Another scenario is that you recently changed jobs for a higher amount or received a pay rise, redundancy, inheritance or even the sale of assets such as shares or a rental property.
Unused amounts from the first of July 2018 can be carried forward for up to 5 years and can be used in 2019/20 and future years when certain conditions are met. Personal deductible and salary sacrificed contributions are eligible catch up concessional contributions.
Are you eligible?
From July 1 2018, the amount of the concessional contributions that can be carried forward is the difference between the annual cap (in 2018 is was $25,000) and the amount of contributions you made in a financial year.

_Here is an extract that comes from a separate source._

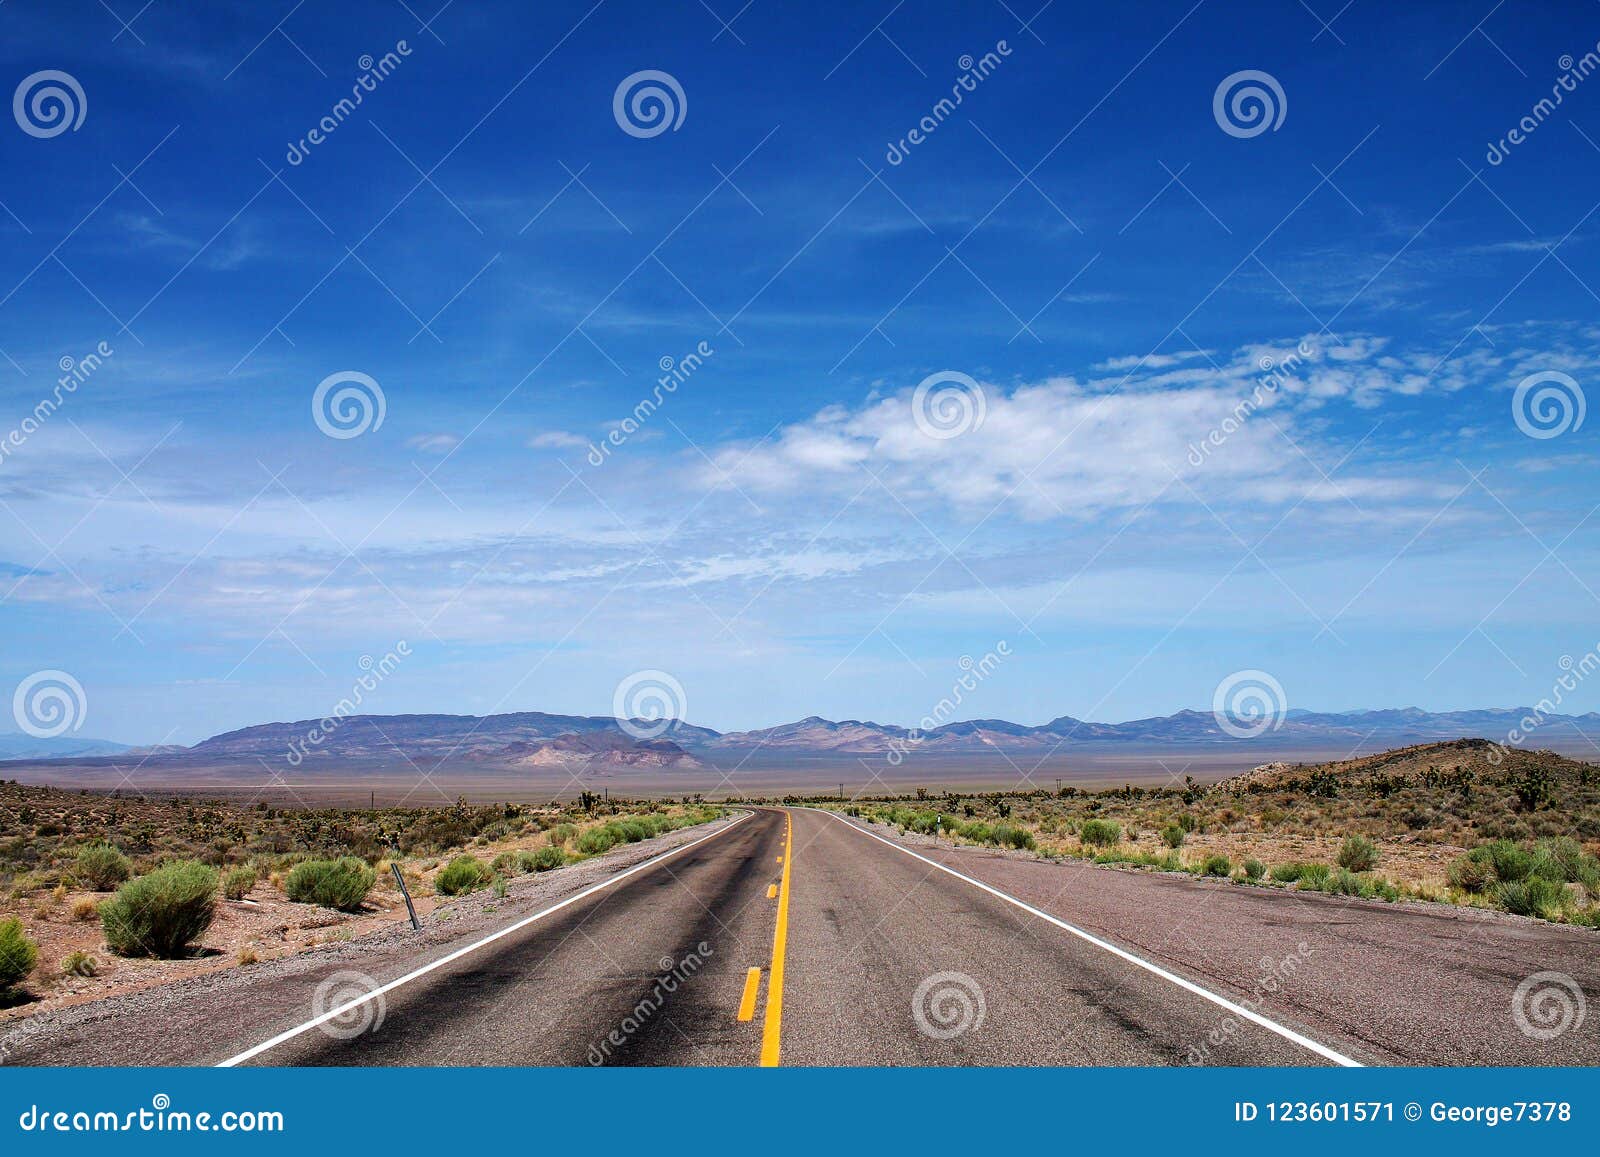 empty desert road with open sky and distant mountains in nevada

However there are a few rules to remember.
To make a catch up concession contribution your total super balance as at 30 June must be less then $500,000 and you also need to be eligible to make a contribution to super.
Lets look at a simple example of a single year catch up contribution
In 2018/19 Kristy’s employer makes super guarantee contributions into her super fund that totals $10,000 and she didn’t make any additional contributions. In 2019/20 she has calculated that with some budget adjustments she will have a surplus she can save and has decided to invest this into super.
So how much concessional contributions can Kristy contribute?
Kristy's super balance at 30 June 2019 is under $500,000.
We have assumed her employer makes the $10,000 employer contribution again in 2019/20, she is firstly able to utilise the unused amount of $15,000 relating to that years cap . She is also able to make a contribution equal to the amount of the unused portion from the 2018/19 financial year of $15,000.
Kristy can contribute the total of $30,000 by
commencing a salary sacrifice arrangement with her employer,
making a personal deductible contribution or a
combination of the two.
How do you make it happen?
The last step is to make sure you complete the paperwork correctly. We encourage speaking to your financial adviser to assist you but if this isn’t relevant for you will need to complete the application form correctly if you are applying the 2nd option above.
Most forms will have a selection of contributions available. The contribution will be invested initially as a non-concessional contribution so you will need to advise the fund after its made that you wish to claim a personal deduction for that amount which is a “notice of intent to claim”. These forms are usually downloaded from your funds website. This process tells the funds how to then correctly apply the contribution and taxes to you fund. Ensure the fund acknowledges receipt of your form before you lodge your tax return.